シンタロー

召使のシンタローのレビュー・感想・評価

召使(1963年製作の映画)
4.2
ジョセフ・ロージー監督×ダーク・ボガード&ジェームズ・フォックス主演。
アフリカから帰国したばかりのトニー。引っ越してきた高級アパートは家具もなく、改修の必要があった。貴族階級で悠々自適なトニーは家事が苦手で召使を雇おうとしていた。そこへ面接に来たのは中年でルックスの良いバレットという上品な男。すぐに気に入ったトニーは、住み込みでバレットを雇い、家事全般から身の回りの世話まで任せるようになる。トニーの婚約者スーザンはバレットを訝しみ、クビにするよう頼むが、そんな要求は受け入れられない程、替えのきかない存在になっていた。バレットは妹のヴェラを呼び寄せ、メイドとして共に働くようになるのだが…。

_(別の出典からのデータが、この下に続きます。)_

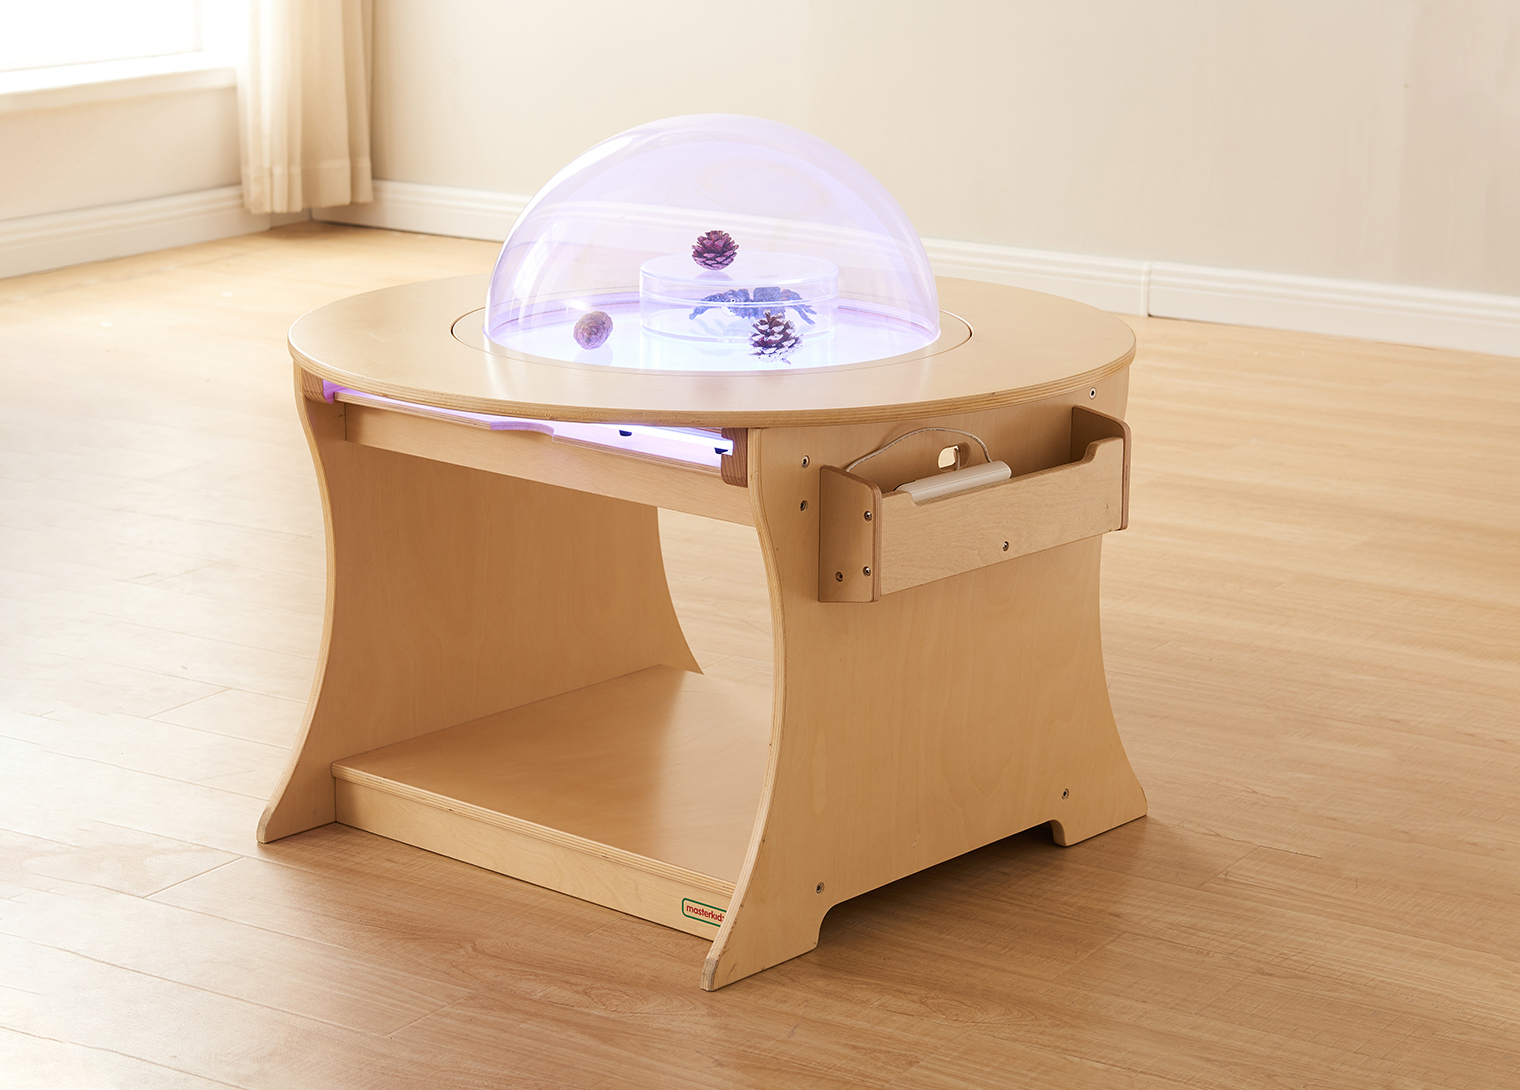 Hemispherical Observation Table (Light Panel Not Included)

「地獄に堕ちた勇者ども」「愛の嵐」でダーク・ボガードにはまった頃に鑑賞して、更にどハマリしてしまったミステリーの名作。SMと同性愛をバックグラウンドに忍ばせた人間描写がゾクゾクする程スリリングで、自分は大好物です。トニー、バレット、スーザン、ヴェラの四重奏のような前篇は英国らしい上品な演出が光りますが、バレットのある告白からの後篇は退廃的で扇情的な世界観が広がり、もうたまらん。トニーとバレットの出逢い…面接で何人も断ったのにピンときてすぐに雇ったわけで…ハッキリ言葉にはしなかったけど…「料理以外にも君には…」絶妙な間と2人の視線…お互いに感じるナニかがあったのでしょう。きっと。後篇では包み隠さず、服従関係の逆転、SMの淫らな官能が露呈されていきます。バレットがどのタイミングで企んだのかが謎…目的はハッキリしてると思いますが、そこに愛情があったのか…そのあたりの隠された表現が、本作の中毒性なのかな、と思ってます。
主演のダーク・ボガードは、ヨーロッパ作品にこだわり続けてきたレジェンド的英国俳優。ジョセフ・ロージーとは公私に渡る長い関係を築き、彼との出逢いが甘い二枚目から演技派へ脱皮させたと言われてます。本作の腹に一物抱えた大胆な人物表現はあまりにも素晴らしく、以後度々性的に倒錯した役柄をこなすようになり、一部?で熱狂的支持を集めました。対するジェームズ・フォックスは、この時点ではほぼ新人でしたが、既に大活躍していたボガードとワンシチュエーションのような場面でも、臆せず見事な力演。ボガードとタイプの異なるルックスも絶妙にマッチしてました。ヴェラ役のサラ・マイルズもほぼ新人で、こちらはコケティッシュでビッチなキャラを厭味っぽく好演。2人共その後も活躍し、ロージーの先見性を感じさせます。